Toyo Takata – Esquimalt Is My home; Takata Japanese Tea Gardens, Esquimalt

Takata Tea House in Japanese Gardens, Gorge Kinsmen Park Takata v9861814

Takata Tea House in Japanese Gardens, Gorge Kinsmen Park ca. 1920.
Takata v9861814, Esquimalt Archives.

 

 

 

 

 

 

 

 

 

 

 

 

 

Takata Tea Garden

Restored Japanese Gardens, Gorge Kinsmen Park, Esquimalt, 2015.

Born in Esquimalt, in 1920, Takata’s family returned to Japan in 1925 for a couple of years where Toyo received education in Japanese, before returning to Esquimalt. Toyo Takata attended Lampson School, Esquimalt High, and Sprott Shaw College. His father and uncle secured a lease and started the popular ‘Takata Japanese Tea Gardens’ in Kinsmen Gorge Park, where Takata worked every day after school.
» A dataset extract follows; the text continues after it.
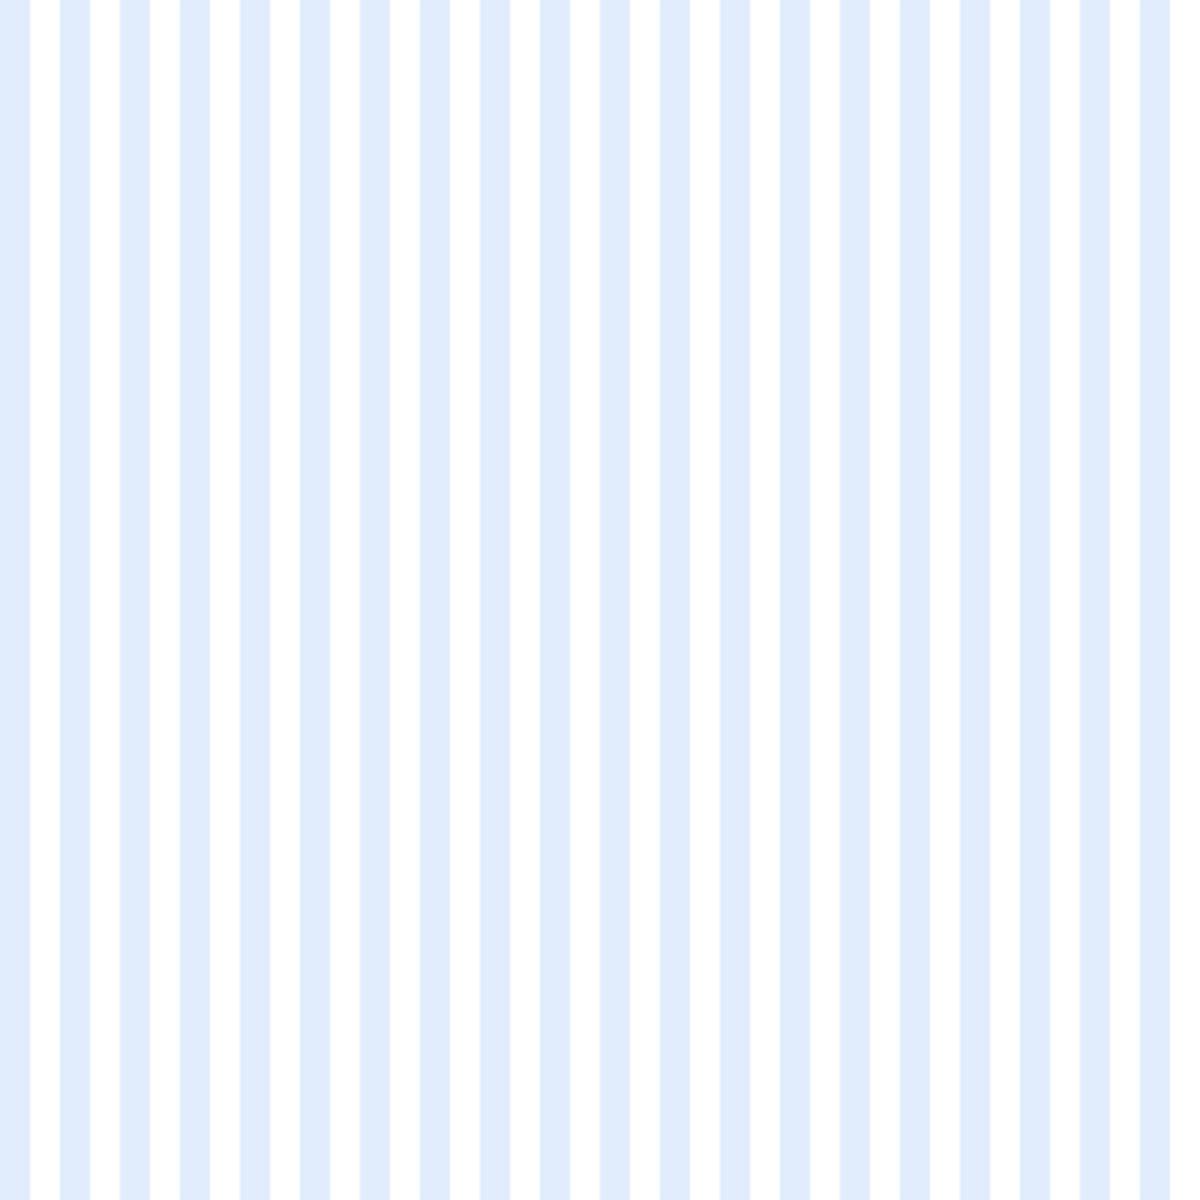 Baby Blue Stripes Wallpaper - WallpaperSafari

The advent of the Second World War saw the Takata family in to internment camps in Vancouver, and after the war the family was relocated to Toronto where Toyo Takata lived out the rest of his life. He made many journeys back to Esquimalt for visits where he was/is fondly remembered. Toyo Takata died on March 12, 2002, in Toronto. A bench has been built in Kinsmen Gorge Park, in memory of Toyo and the Takata family.

References:

Mark Brown, 2002 ‘Toyo Takata dead at age 82; Despite more than 55 years in Toronto, this town was his home – Roots were in Esquimalt’, Esquimalt News, Wednesday, March 27, 2002

Esquimalt Archives, Vertical Files

Notes:

Tea Garden in Ruins – Magic Touched Visitor

Although I live in the Gorge neighbourhood, it had been many years since I had walked over the bridge to the other side to visit the Gorge Kinsmen Park. In the early 1990’s, I visited the Tea Gardens many times, finding solace during some difficult days siting on a bench in the terraced ruins. One day, as I sat in contemplation I wondered what this place was. Nearby to where I was sitting I admired the most beautiful single flower growing alone and abandoned in the unkept bed. Feeling kindred with the flower I timidly picked and preserved it as I had never seen anything like it. Although I was unaware of the rich history that this site held, I could sense that it was a very special place. It felt safe to sit in the quiet protection of the garden walls warmed by the sun’s energy. No signs or postings existed interpreting its significance or importance so I closed my eyes and imagined a beautiful garden.

Many years would pass before I would visit the gardens again. Over the past several weeks I have visited the gardens several times to connect with the ‘Takata Tea Gardens’ history. I was amazed at the transformation and beauty that lay before me. This magical place was alive with lush, cultivated plants and water falls, continuing to evoke a sense of tranquility, peace and love for the visitors, the people of Esquimalt and the Takata family. A bench in remembrance of Toyo Takata was built in the park. After several visits I am still trying to locate it.

I have never forgotten my early visits to the gardens and today still have the Chocolate Lily I picked that day preserved in a box. I find it quite ironic that I would come back to this place to find that my purpose here was more profound than I ever imagined all those years ago.